Fitch Ratings has estimated that Italian insurers will only face a loss of between EUR100m and EUR200m, with reinsurance capital paying for the majority of claims, from this weeks magnitude 6.2 earthquake, far below the estimated figure of an $11 billion economic loss.
As we wrote earlier today, the Italian Civil Protection Department suggested that this weeks devastating earthquake in Italy, near the Umbrian town of Norcia, could result in economic losses of around $11 billion.
The insurance and reinsurance industry loss was always set to be much lower, with earthquake coverage in the Italian non-life industry only around 2%, or perhaps even a bit lower.
Fitch said that it estimates insured losses of EUR100m to EUR200m for Italian insurers, mostly from property insurance lines. Its estimate reflects a low population and business density in the affected region, as well as limited insurance coverage.

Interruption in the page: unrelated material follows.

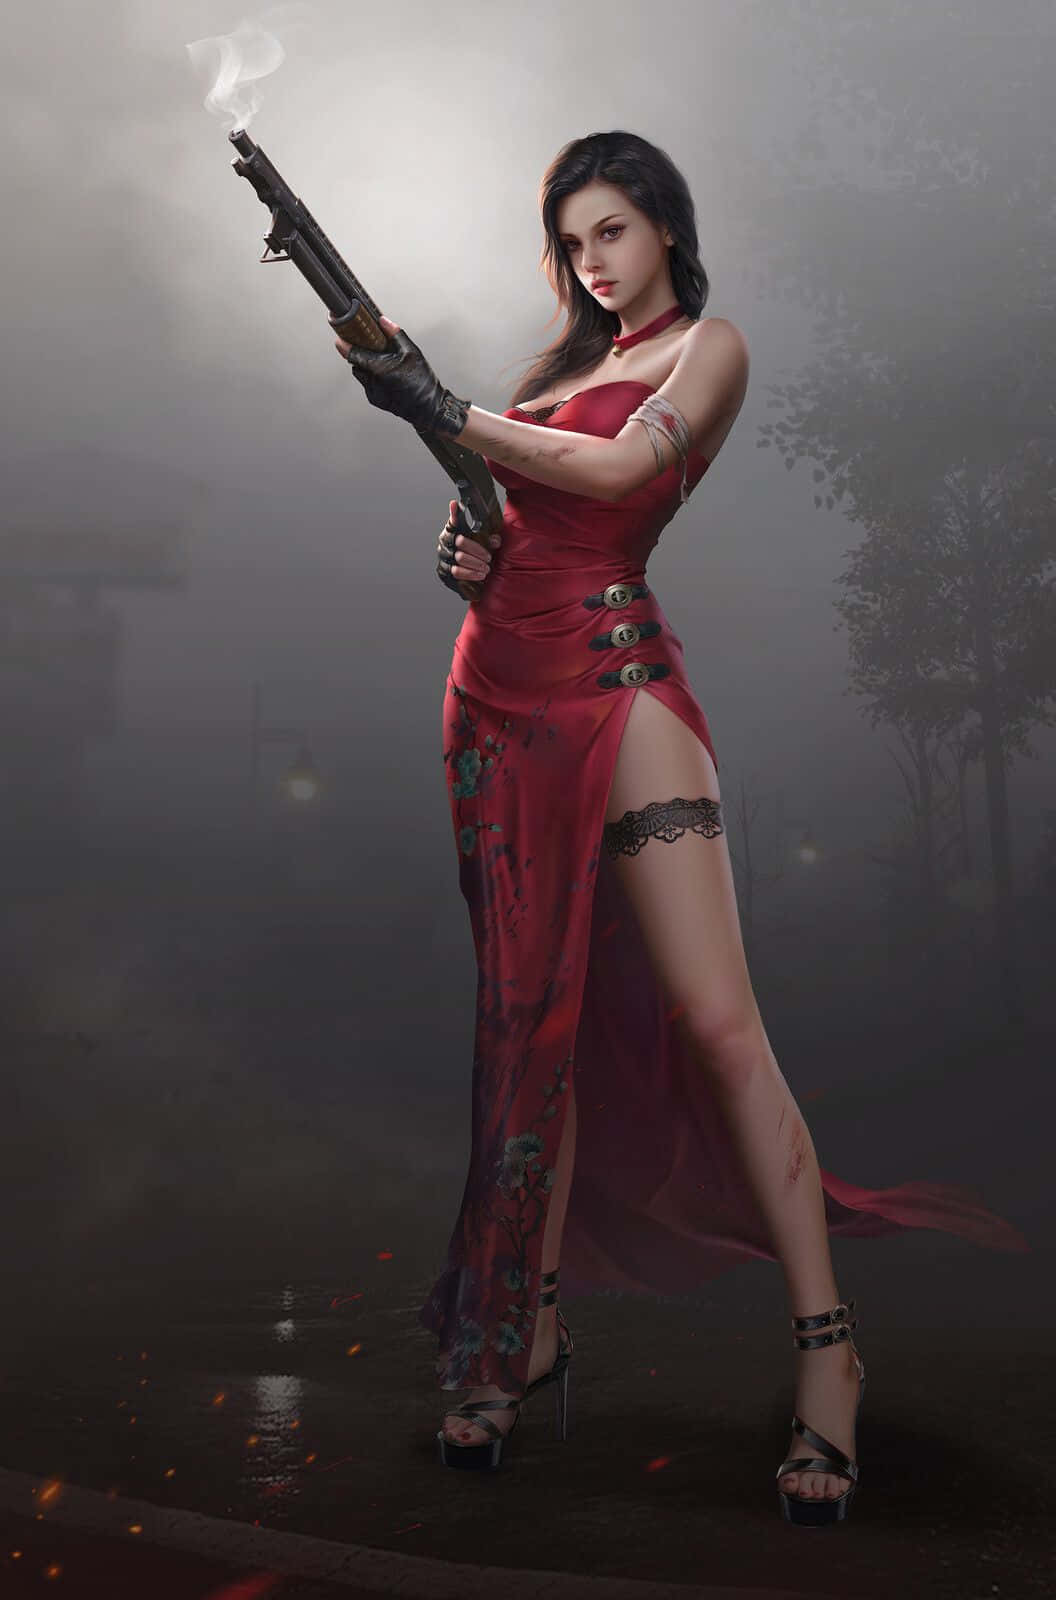 Pubg Girl In Red Dress Background

Fitch expects the insured losses to be EUR40m to EUR80m for primary insurance companies and EUR60m to EUR120m for reinsurance firms.
“Claims of this magnitude would not have a material impact on Italian insurers’ underwriting results or credit profiles,” Fitch explained, adding that “Italian non-life insurers wrote EUR2.3bn of gross written premiums of property insurance in 2015.”
It’s also worth noting that the Italian governments declaration of a state of emergency means that a portion of the loss will be covered by a state fund for emergencies, which will further limit the impact to insurance and reinsurance markets.
Fitch’s report is only for the impact to Italian insurers, meaning some international companies could perhaps see losses as well. However, it certainly looks like the insurance and reinsurance industry impact, as well as any impact to ILS funds, will be limited due to the low penetration of earthquake cover in this region and across Italy.